*** SUPPLIED INFORMATION Section Begins ***

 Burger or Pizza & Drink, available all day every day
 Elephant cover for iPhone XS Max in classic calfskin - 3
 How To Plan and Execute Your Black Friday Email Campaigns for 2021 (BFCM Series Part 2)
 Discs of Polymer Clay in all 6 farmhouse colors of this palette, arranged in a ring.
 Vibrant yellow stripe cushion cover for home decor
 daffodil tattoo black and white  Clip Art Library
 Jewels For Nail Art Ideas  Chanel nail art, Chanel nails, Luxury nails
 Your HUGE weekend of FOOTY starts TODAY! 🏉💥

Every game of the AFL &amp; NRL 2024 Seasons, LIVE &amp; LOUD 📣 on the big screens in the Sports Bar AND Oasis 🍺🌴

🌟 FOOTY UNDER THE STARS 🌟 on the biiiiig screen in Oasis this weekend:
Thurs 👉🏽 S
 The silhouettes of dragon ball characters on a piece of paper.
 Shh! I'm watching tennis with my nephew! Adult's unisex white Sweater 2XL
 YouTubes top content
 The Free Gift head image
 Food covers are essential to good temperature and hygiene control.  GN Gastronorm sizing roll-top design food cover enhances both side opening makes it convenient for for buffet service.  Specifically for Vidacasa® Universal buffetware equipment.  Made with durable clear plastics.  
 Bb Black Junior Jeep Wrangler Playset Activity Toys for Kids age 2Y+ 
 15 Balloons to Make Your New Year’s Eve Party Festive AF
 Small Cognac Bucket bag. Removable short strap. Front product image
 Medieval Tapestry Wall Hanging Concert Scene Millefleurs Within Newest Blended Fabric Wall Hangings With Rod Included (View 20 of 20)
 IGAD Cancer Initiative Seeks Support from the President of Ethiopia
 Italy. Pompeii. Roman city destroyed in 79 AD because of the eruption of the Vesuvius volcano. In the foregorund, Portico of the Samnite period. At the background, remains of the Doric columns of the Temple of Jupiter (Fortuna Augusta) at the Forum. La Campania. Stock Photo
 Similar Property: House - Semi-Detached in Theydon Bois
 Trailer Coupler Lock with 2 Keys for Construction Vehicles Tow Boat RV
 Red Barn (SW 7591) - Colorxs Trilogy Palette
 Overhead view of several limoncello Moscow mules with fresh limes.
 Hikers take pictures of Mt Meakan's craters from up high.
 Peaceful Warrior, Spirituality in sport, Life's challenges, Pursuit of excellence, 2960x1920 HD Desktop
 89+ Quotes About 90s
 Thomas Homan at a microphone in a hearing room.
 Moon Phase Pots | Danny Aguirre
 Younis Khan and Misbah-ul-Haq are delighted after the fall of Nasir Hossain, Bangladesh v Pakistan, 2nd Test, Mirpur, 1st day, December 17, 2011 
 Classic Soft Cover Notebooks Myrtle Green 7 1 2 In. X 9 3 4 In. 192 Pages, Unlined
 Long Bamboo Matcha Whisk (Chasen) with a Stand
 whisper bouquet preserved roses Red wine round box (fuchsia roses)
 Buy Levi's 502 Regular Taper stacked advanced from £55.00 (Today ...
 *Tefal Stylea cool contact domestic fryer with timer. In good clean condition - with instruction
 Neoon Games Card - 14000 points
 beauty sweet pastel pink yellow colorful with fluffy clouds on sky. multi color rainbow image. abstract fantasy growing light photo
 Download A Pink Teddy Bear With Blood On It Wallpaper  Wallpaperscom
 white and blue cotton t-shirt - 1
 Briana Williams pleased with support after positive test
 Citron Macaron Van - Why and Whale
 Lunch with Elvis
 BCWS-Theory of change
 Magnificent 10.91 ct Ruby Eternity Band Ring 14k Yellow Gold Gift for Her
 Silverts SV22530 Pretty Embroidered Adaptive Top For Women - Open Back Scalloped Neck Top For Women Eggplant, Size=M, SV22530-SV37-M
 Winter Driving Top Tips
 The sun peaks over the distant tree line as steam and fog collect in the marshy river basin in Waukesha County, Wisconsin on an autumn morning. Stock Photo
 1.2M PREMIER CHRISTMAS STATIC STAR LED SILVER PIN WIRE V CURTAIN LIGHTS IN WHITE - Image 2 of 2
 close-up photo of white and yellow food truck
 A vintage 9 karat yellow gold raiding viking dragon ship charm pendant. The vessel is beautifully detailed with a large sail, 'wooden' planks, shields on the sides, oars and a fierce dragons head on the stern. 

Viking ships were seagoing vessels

*** SUPPLIED INFORMATION Section Ends ***

→ **YOUR ASSIGNMENT**: The line above containing "FOOTY UNDER THE", the line containing "Overhead view of", and every line between them are to be transcribed exactly; no other line is wanted.

→ **PROBLEM SOLUTION**:
🌟 FOOTY UNDER THE STARS 🌟 on the biiiiig screen in Oasis this weekend:
Thurs 👉🏽 S
 The silhouettes of dragon ball characters on a piece of paper.
 Shh! I'm watching tennis with my nephew! Adult's unisex white Sweater 2XL
 YouTubes top content
 The Free Gift head image
 Food covers are essential to good temperature and hygiene control.  GN Gastronorm sizing roll-top design food cover enhances both side opening makes it convenient for for buffet service.  Specifically for Vidacasa® Universal buffetware equipment.  Made with durable clear plastics.  
 Bb Black Junior Jeep Wrangler Playset Activity Toys for Kids age 2Y+ 
 15 Balloons to Make Your New Year’s Eve Party Festive AF
 Small Cognac Bucket bag. Removable short strap. Front product image
 Medieval Tapestry Wall Hanging Concert Scene Millefleurs Within Newest Blended Fabric Wall Hangings With Rod Included (View 20 of 20)
 IGAD Cancer Initiative Seeks Support from the President of Ethiopia
 Italy. Pompeii. Roman city destroyed in 79 AD because of the eruption of the Vesuvius volcano. In the foregorund, Portico of the Samnite period. At the background, remains of the Doric columns of the Temple of Jupiter (Fortuna Augusta) at the Forum. La Campania. Stock Photo
 Similar Property: House - Semi-Detached in Theydon Bois
 Trailer Coupler Lock with 2 Keys for Construction Vehicles Tow Boat RV
 Red Barn (SW 7591) - Colorxs Trilogy Palette
 Overhead view of several limoncello Moscow mules with fresh limes.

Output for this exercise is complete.